D'une élégance sobre et tempérée, la plume de Saer n'est jamais emphatique ou dogmatique. L'écrivain, reconnu par ailleurs comme un grand maître de la ponctuation, affectionne particulièrement les phrases sinueuses, mais d'une clarté syntaxique toutefois toujours impeccable, tout à fait emblématiques des subtilités et des nuances de pensée insufflées à un propos qui, en contrepartie, recherche systématiquement à obtenir le mieux possible en matière de simplicité et d'intelligibilité.

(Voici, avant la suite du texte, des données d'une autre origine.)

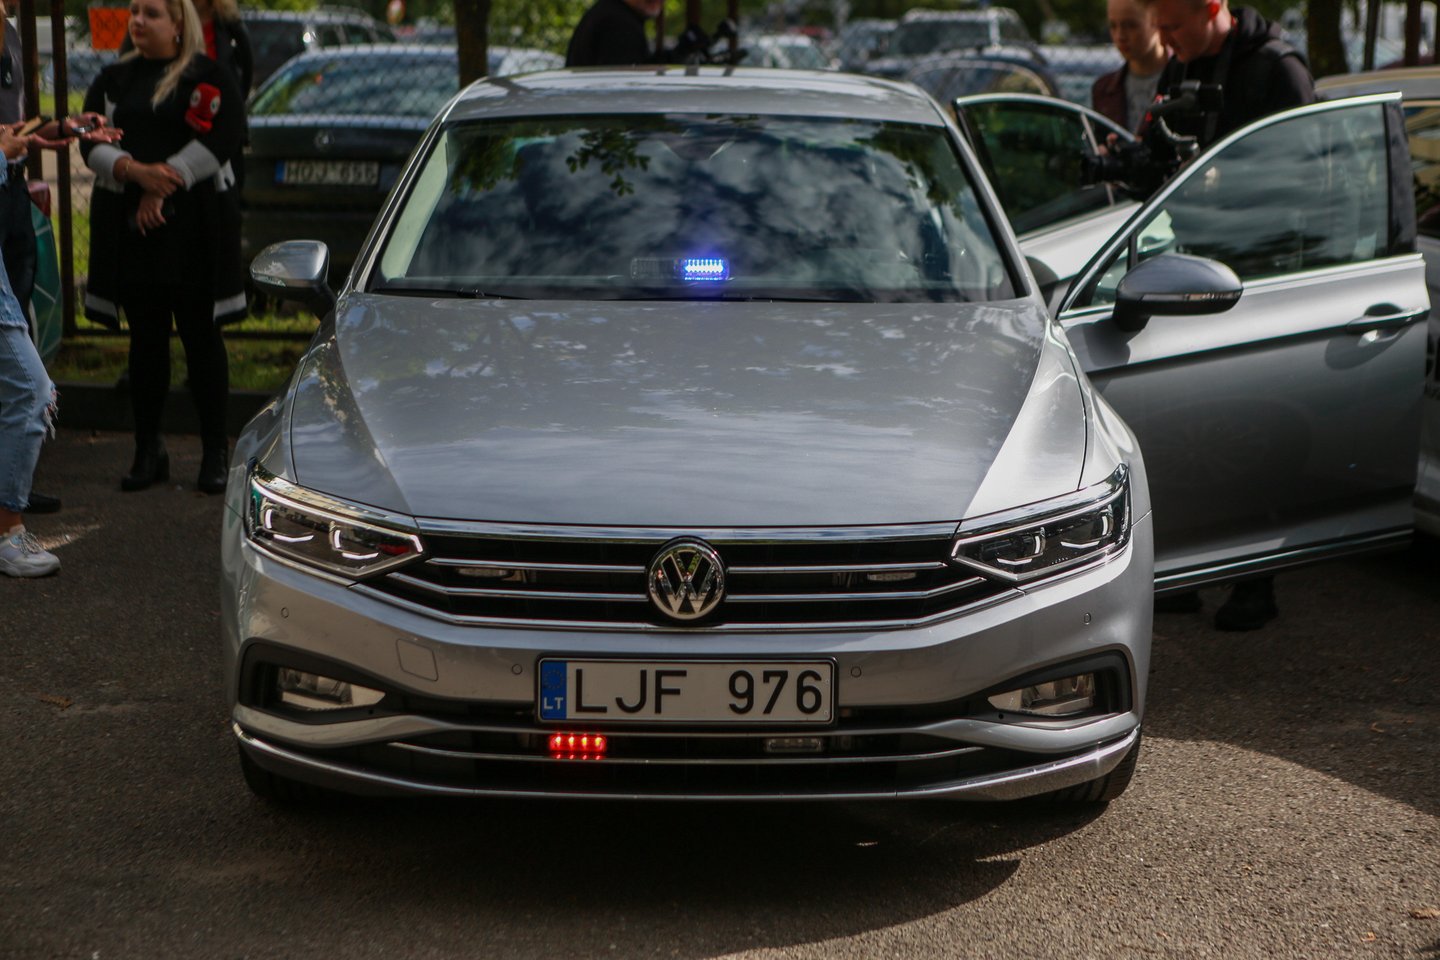 Ne vienas vairuotojas skundžiasi Lietuvos policijos naudojamais mobiliais trikojais greičio matuokliais arba nežymėtais policijos automobiliais.<br>G.Bitvinsko nuotr.

À l'intention de ceux qui n'auraient pas encore eu
l'occasion d'aborder son oeuvre, j'hésiterais néanmoins à suggérer de commencer par ce texte. Il vaudrait mieux, peut-être, s'être préalablement familiarisé avec le langage et l'univers littéraires singuliers de l'écrivain pour pouvoir savourer pleinement
Les Nuages, court roman ou, si l'on préfère, longue nouvelle aux faux-airs de vieux conte philosophique du XVIIIe dans lequel, en fin de compte, l'aspect aventureux, malgré ce à quoi l'on pourrait légitimement s'attendre d'un road-trip annoncé dans le «wild-south» de la pampa argentine, ou de ses rebondissements parfois assez spectaculaires, reste avant tout subtilement immatériel et essentiellement subjectif.
En revanche, si jamais j'ai réussi à attirer l'attention sur cet auteur argentin, de nos jours toujours assez confidentiel, me semble-t-il, je conseillerais (et pour le coup sans la moindre hésitation) son chef d'oeuvre incontestable, «
L'Ancêtre», pur bijou littéraire dont absolument aucun lecteur avisé ne devrait à mon sens se priver!